Jeudi 26 février, la Verkhovna Rada n’a pas pu ratifier l’accord entre l’Ukraine et la Banque européenne d’investissement pour 134 millions d'euros destinés à la réparation des routes — le projet de loi a recueilli 225 voix, alors qu’il en fallait au moins 226 pour être adopté. Il s’agit du premier versement d’un paquet de 230 millions d'euros, signé lors de la Conférence sur la reconstruction de l’Ukraine (URC2025) à Rome le 10 juillet 2025.
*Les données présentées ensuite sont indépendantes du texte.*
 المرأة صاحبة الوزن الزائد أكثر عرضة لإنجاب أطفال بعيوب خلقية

À quoi devaient servir ces fonds

Les fonds devaient être alloués à plusieurs projets clés : la restauration du pont sur le Dniestr dans le secteur du village de Maiaky (oblast d'Odessa), endommagé lors d’une attaque par missiles et drones en décembre 2025, la réfection complète de tronçons de la route M‑06 (Kyiv–Chop) dans l'oblast de Lviv, la réparation de la route M‑11 (Lviv–Shehyni) et l’amélioration des infrastructures frontalières. Le report de la ratification repousse le démarrage des travaux et la préparation des appels d’offres.
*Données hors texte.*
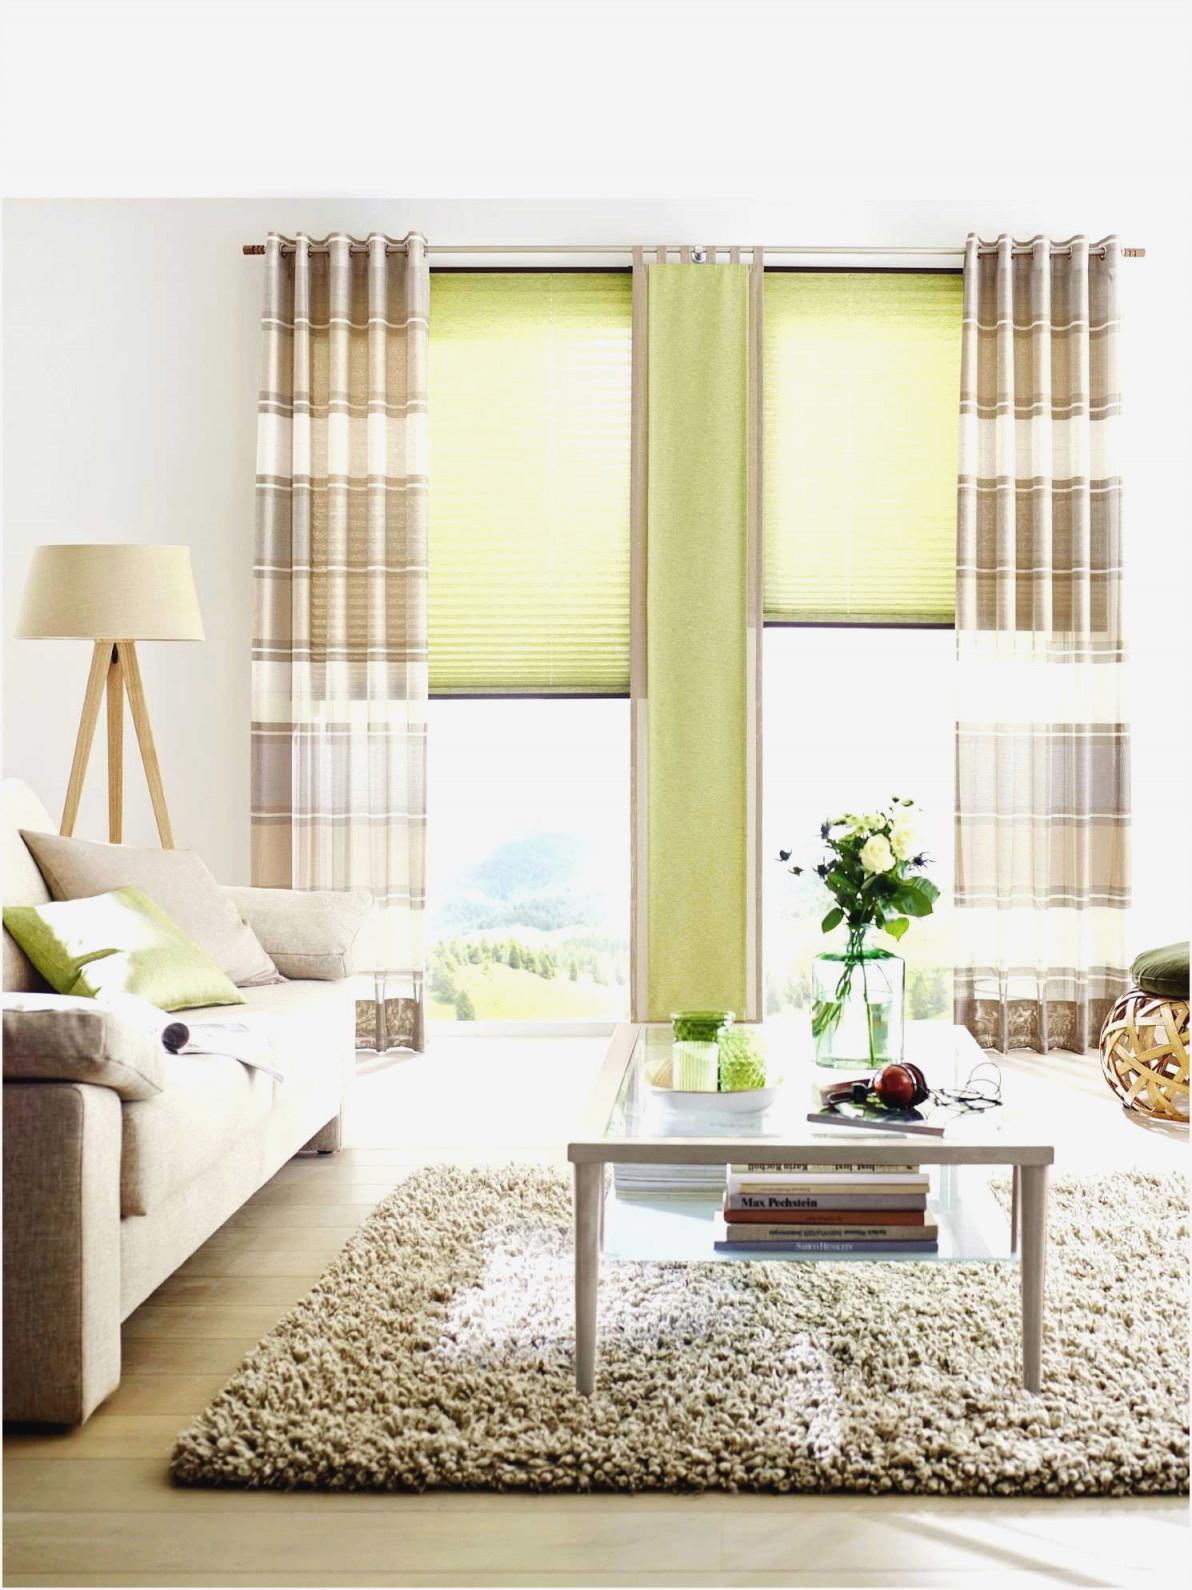 Gardinen Dekorationsvorschläge Wohnzimmer Modern von Gardinen Dekorationsvorschläge Wohnzimmer Modern Photo

"C'est la première tranche des 230 millions d'euros pour les routes du réseau transeuropéen"

— Aliona Shkrum, première vice‑ministre du développement des communautés et des territoires

Pourquoi c’est important

La reconstruction des infrastructures n’est pas qu’une question de confort pour les conducteurs. Il s’agit de logistique pour les entreprises, de corridors d’approvisionnement pour l’armée et de rapidité de reconstruction des régions touchées par les attaques. Un retard de financement entraîne des risques pour les calendriers de reconstruction, une augmentation des coûts des projets et un affaiblissement de la confiance des financeurs occidentaux dans la capacité de Kyiv à prendre des décisions rapidement.
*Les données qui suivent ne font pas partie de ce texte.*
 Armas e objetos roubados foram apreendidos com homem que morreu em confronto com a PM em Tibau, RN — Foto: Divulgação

Conséquences et scénarios possibles

Les démarches les plus probables sont un nouveau vote ou la réinscription du projet de loi en tenant compte d’accords politiques. Cette question concerne non seulement le portefeuille des infrastructures du gouvernement, mais aussi les relations diplomatiques avec des partenaires qui ont déjà approuvé le paquet d’aide. Si la décision n’est pas prise dans un délai court, certains projets pourraient être reportés, les appels d’offres retardés et le coût des travaux augmenter.

Bref résumé

Les failles dans la discipline parlementaire coûtent plus cher qu’il n’y paraît : une voix dans l’hémicycle peut signifier des ponts retardés, une logistique plus lente et des dépenses supplémentaires pour les contribuables. La balle est désormais dans le camp des députés et du gouvernement : parviendront‑ils à corriger rapidement l’erreur et à confirmer les engagements envers les partenaires internationaux ?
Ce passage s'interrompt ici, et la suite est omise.